With the optimal conditions in hand, we next sought to explore the substrate scope of this red-light-induced [3+2] cycloaddition (Scheme [2]). By using styrene (2a) as a model substrate, cyclopropylamines 1a–f with various aromatic groups were tested. The electronic properties or substitution patterns on the phenyl ring of 1 had little effect on the reaction outcome, and the corresponding cyclopentane derivatives 3a–f were obtained in yields of 60–93%. For example, substrate 1b with a phenyl group in the ortho-position gave the desired product 3b smoothly in 68% yield. Product 3c was isolated in 60% yield when styrene derivative 1c with a trifluoromethyl group at the meta-position reacted with 2a. In addition, 1d and 1e with methyl and chloro groups, respectively, in their para-positions provided the five-membered carbocycles 3d and 3e in moderate yields. Alkene 1f with a 3-pyridyl group was also suitable for this [3+2] annulation, furnishing 3f in 80% yield. Then, a wide range of alkenes 2b–i with diverse useful functional groups such as cyano (2b), ketone (2c), ester (2d), or halo (2e and 2f) were examined, and all reacted smoothly with N-cyclopropylaniline (1a). In detail, olefins 2b–d with strong electron-withdrawing groups afforded products 3g–i in yields of 61–95%. Products 3j–n were also obtained in yields of 62–91% when styrene derivatives 2e–i reacted with 1a. Although the reaction showed relatively poor diastereoselectivity, most pairs of trans- and cis-diastereomers were fully isolated by flash column chromatography, except for 3b, 3c, 3j, and 3m.

Notably, under the optimal reaction conditions, the [3+2] addition of cyclopropylamine with alkynes could also be achieved with a broad range of substrates (Scheme [3]). The corresponding cyclopentene products 5a–d were obtained in yields of 71–81% when electron-neutral, electron-deficient, or electron-rich terminal alkynes 4a–d reacted with 1a. Moreover, the dialkyne substrate 4e was also compatible under the standard reaction conditions, affording the desired product 5e in 65% yield. When internal alkynes 4f and 4g were tested, the desired products 5f and 5g were smoothly obtained, albeit in somewhat lower yields, possibly due to steric effects. It is also noteworthy that 5e was obtained in a much higher yield compared with that reported in the literature,[10d] presumably due to the relatively milder condition with red light in this protocol.

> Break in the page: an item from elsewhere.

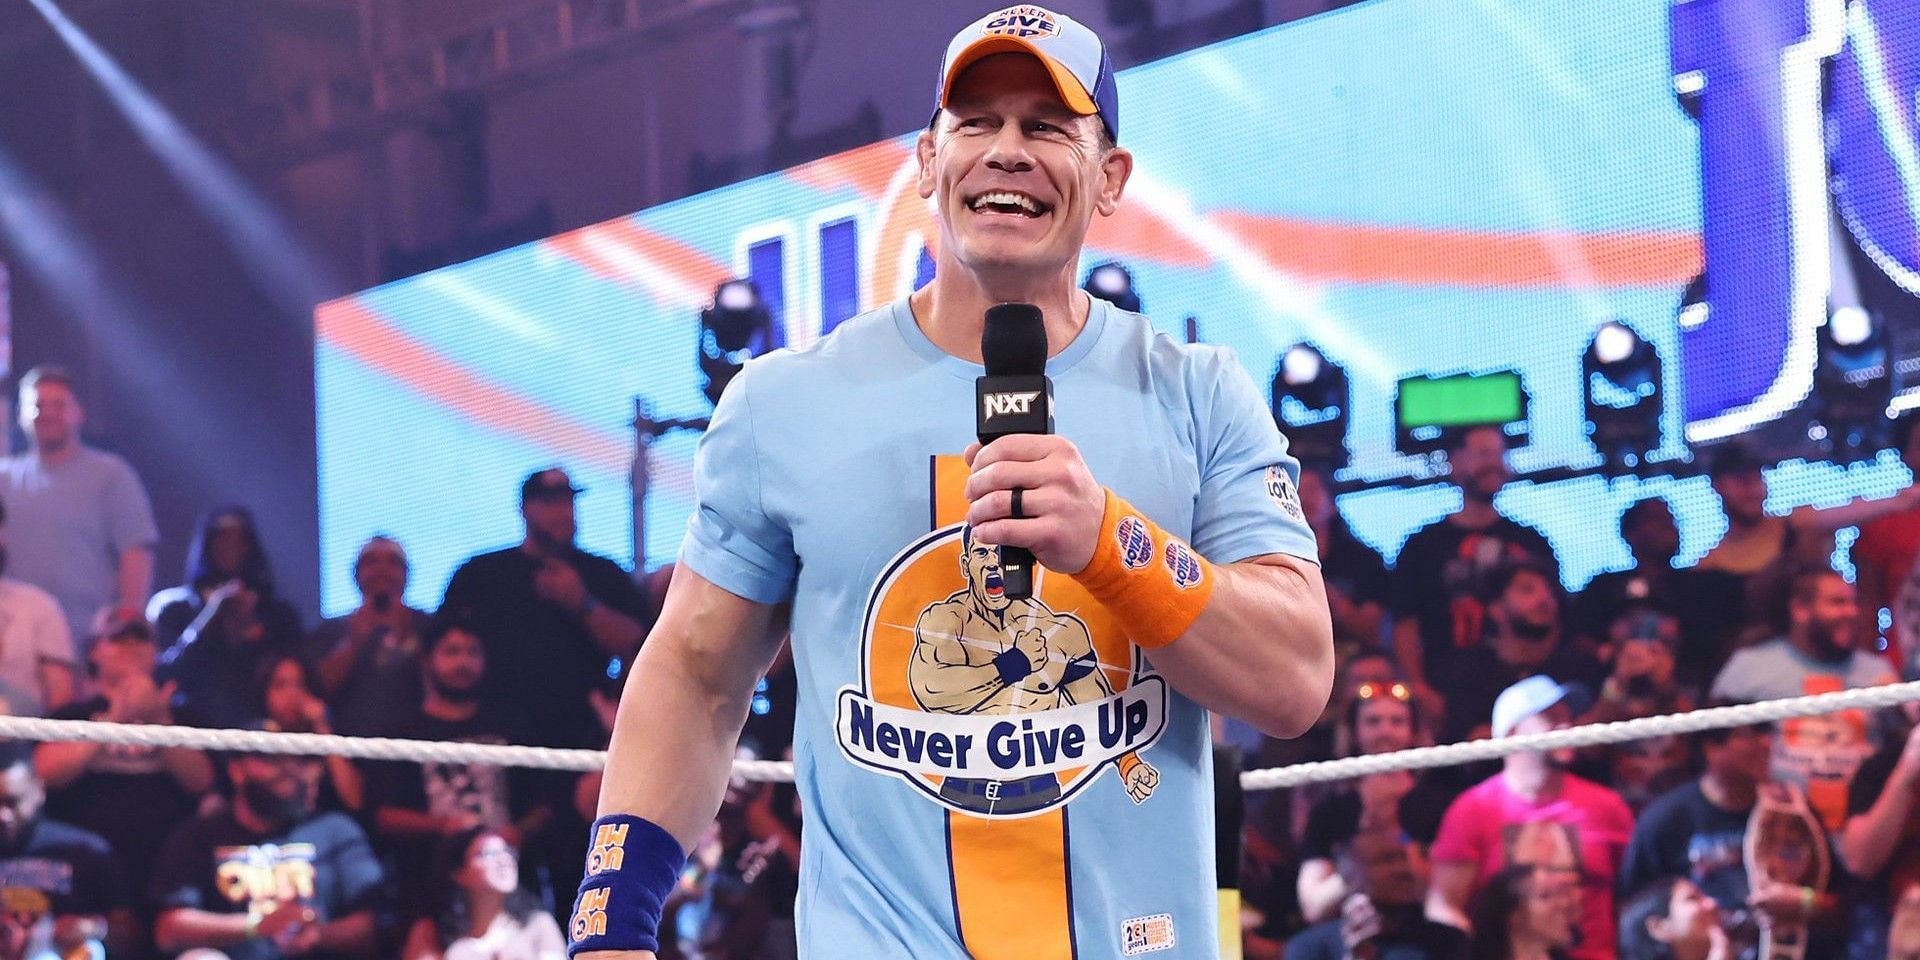 John Cena has commented on his retirement plans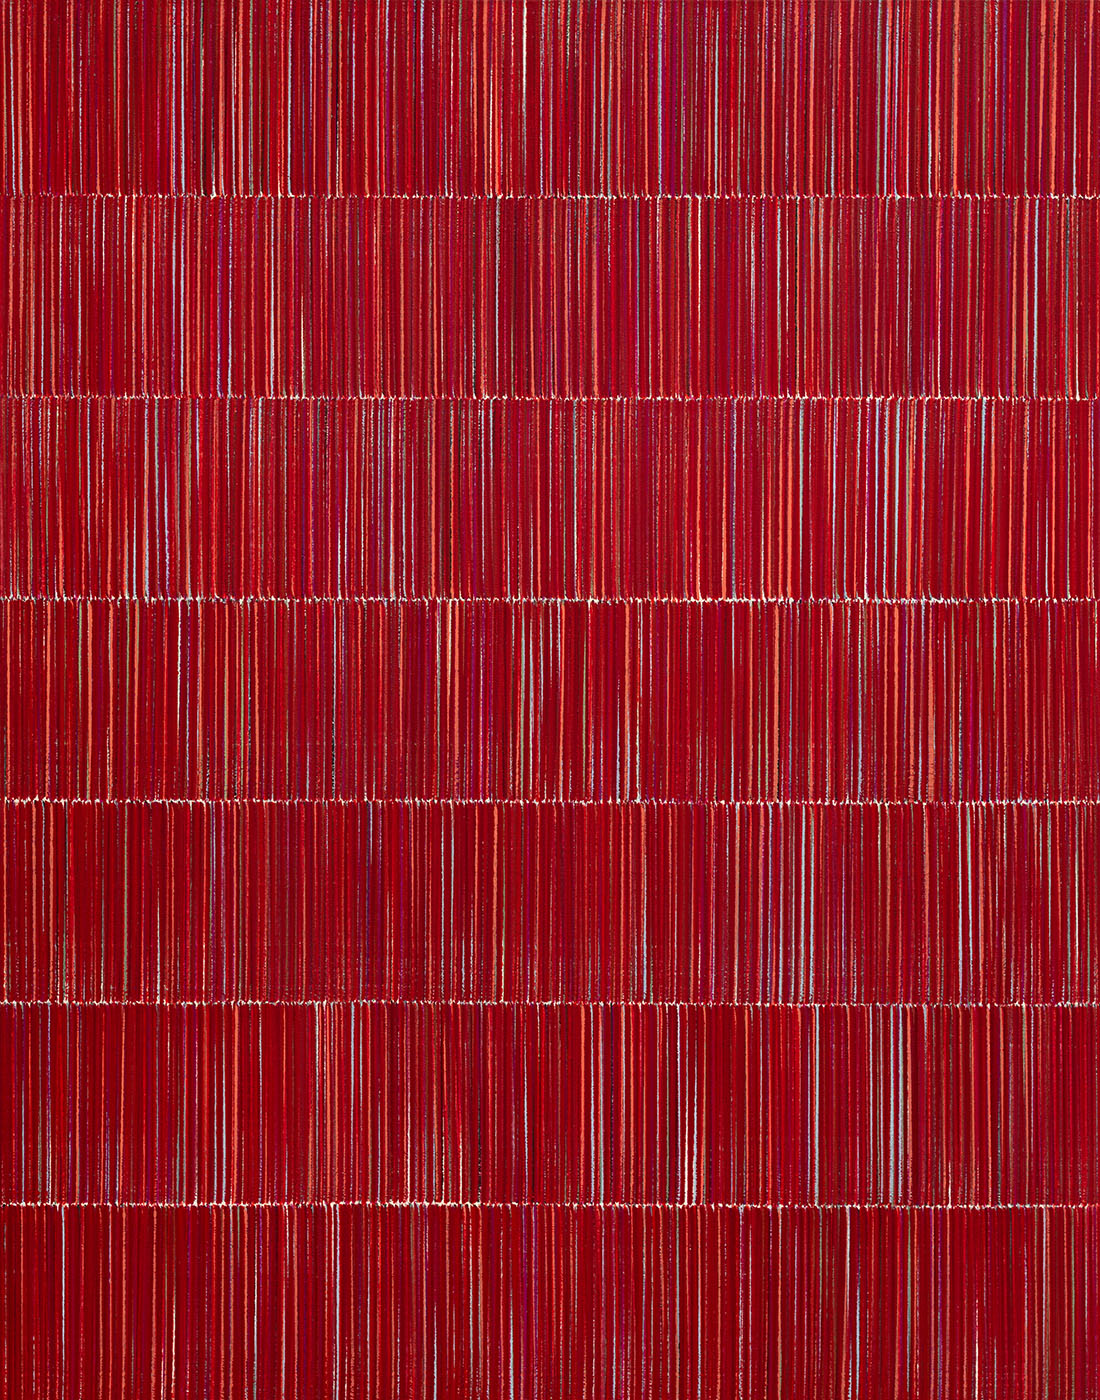 Nikola Dimitrov, FarbKlang IV, 2019, Pigmente, Bindemittel auf Leinwand, 140 × 110 cm

On the basis of previous work,[10] [13] [14] we propose the reaction mechanism for these transformations that is shown in Scheme [4]. First, ⁿPr-DMQA⁺*, formed by irradiation with red light, undergoes a single-electron-transfer process with the cyclopropylamine 1a to generate the nitrogen radical cation intermediate A. Due to the inherent torsional and angular strain of the cyclopropane ring, A undergoes β-scission of this ring to form the β-carbon radical iminium ion B, which attacks styrene (2a) to produce another stabilized distonic radical cation species C. Intramolecular addition of the in situ-formed radical to the iminium ion in intermediate C furnishes another nitrogen radical cation species D. Lastly, D is reduced by the ⁿPr-DMQA^∙ to form the final product 3a, together with ground-state ⁿPr-DMQA⁺, completing the catalytic cycle.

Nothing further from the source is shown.